In clothing, Myra tended to choose cool monochrome palettes—gray, dark blue, soft black, or muted white.
The cuts were clean, minimalist, and nearly without ornament.
Her attire did not seek attention, but rather framed her presence simply, allowing the essence of her calm and sharp observation to become the focus.
She was like a painting rendered in diluted ink upon textured paper, beautiful in its subtlety and powerful in its intentional simplicity.
'She came from outside everything—not from this place, not from this world, and certainly not from this boxed universe.'
Beyond the neat structure of this universe, somewhere among the countless ordered boxes of the multiverse, lay the true origin of Myra Astrielle.
The world where she first opened her eyes was not governed by hierarchical families like the Bathee.
Her original universe operated under unfamiliar logic, bounded by stricter physical laws, while its technological advancement lagged behind many modern human civilizations.
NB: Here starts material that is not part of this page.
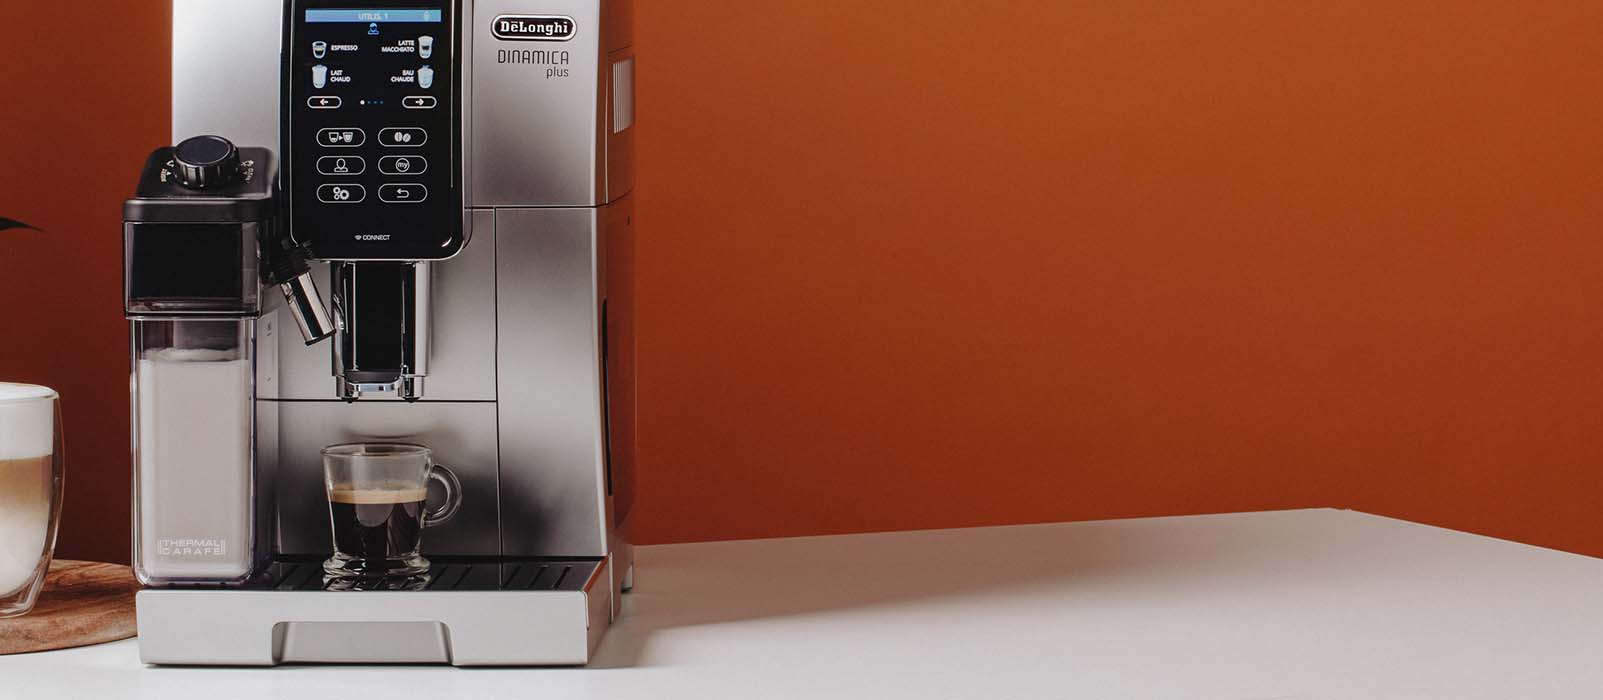 comment faire un bon café avec une machine à café à grain
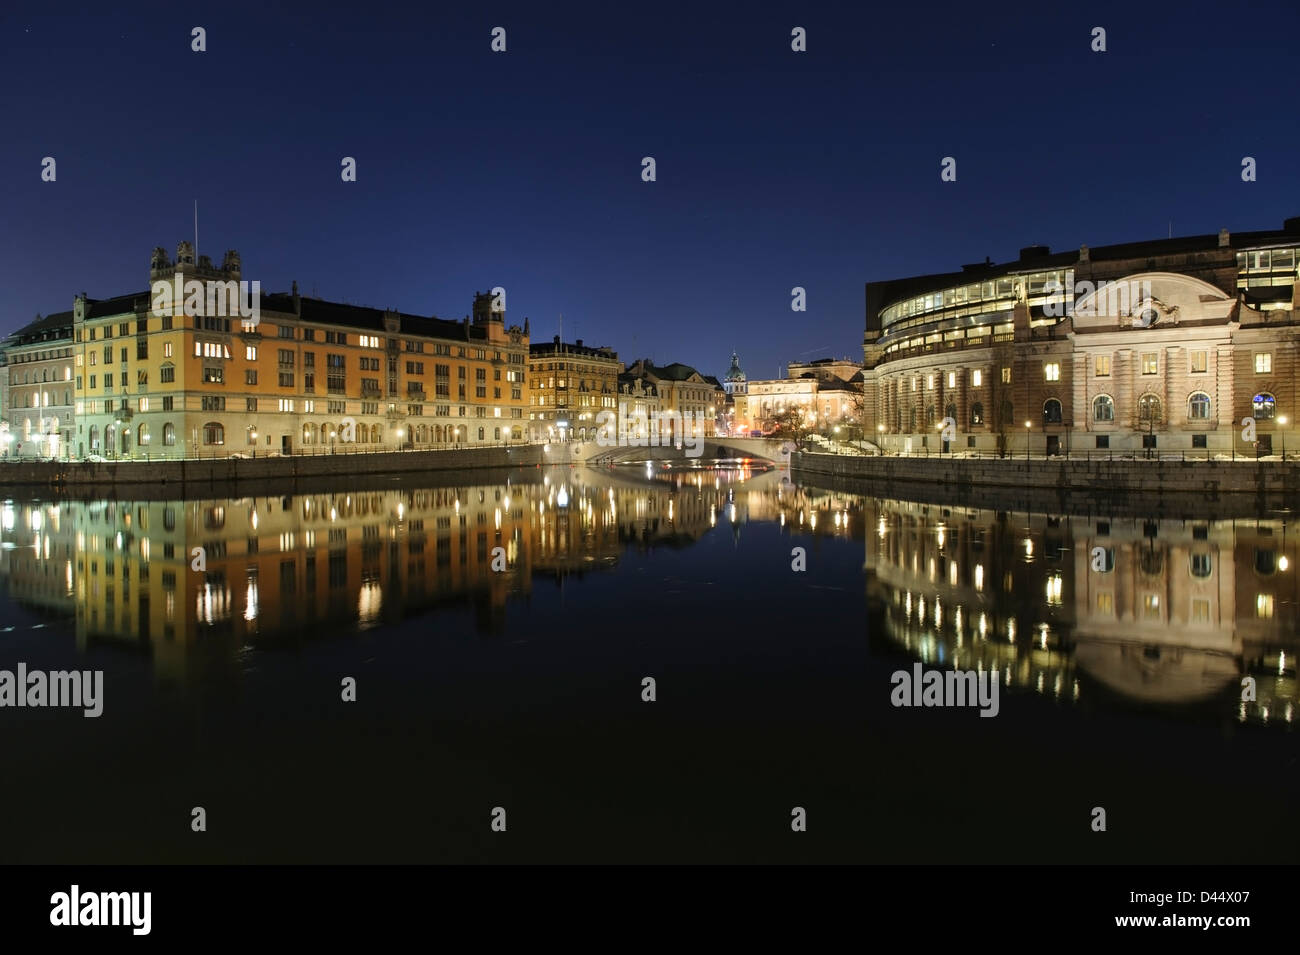 Stoccolma vista notturna con la casa del parlamento, gli edifici governativi, e l'Opera si riflette nel lago Malaren Foto Stock

There, within one of the existential boxes woven neatly into the vast cosmic lattice, the thread of Myra's life was first spun.
Yet that boxed universe which had once been her home was not kind until the end.
Within the framework of a reality that might have seemed perfect and orderly from the outside, there lay the seed of a tragedy that would eventually be reaped.
Myra's life in her original world did not end peacefully or ordinarily.
In time, a horrifying event—a calamity or betrayal of cosmic or deeply personal scale—befell her.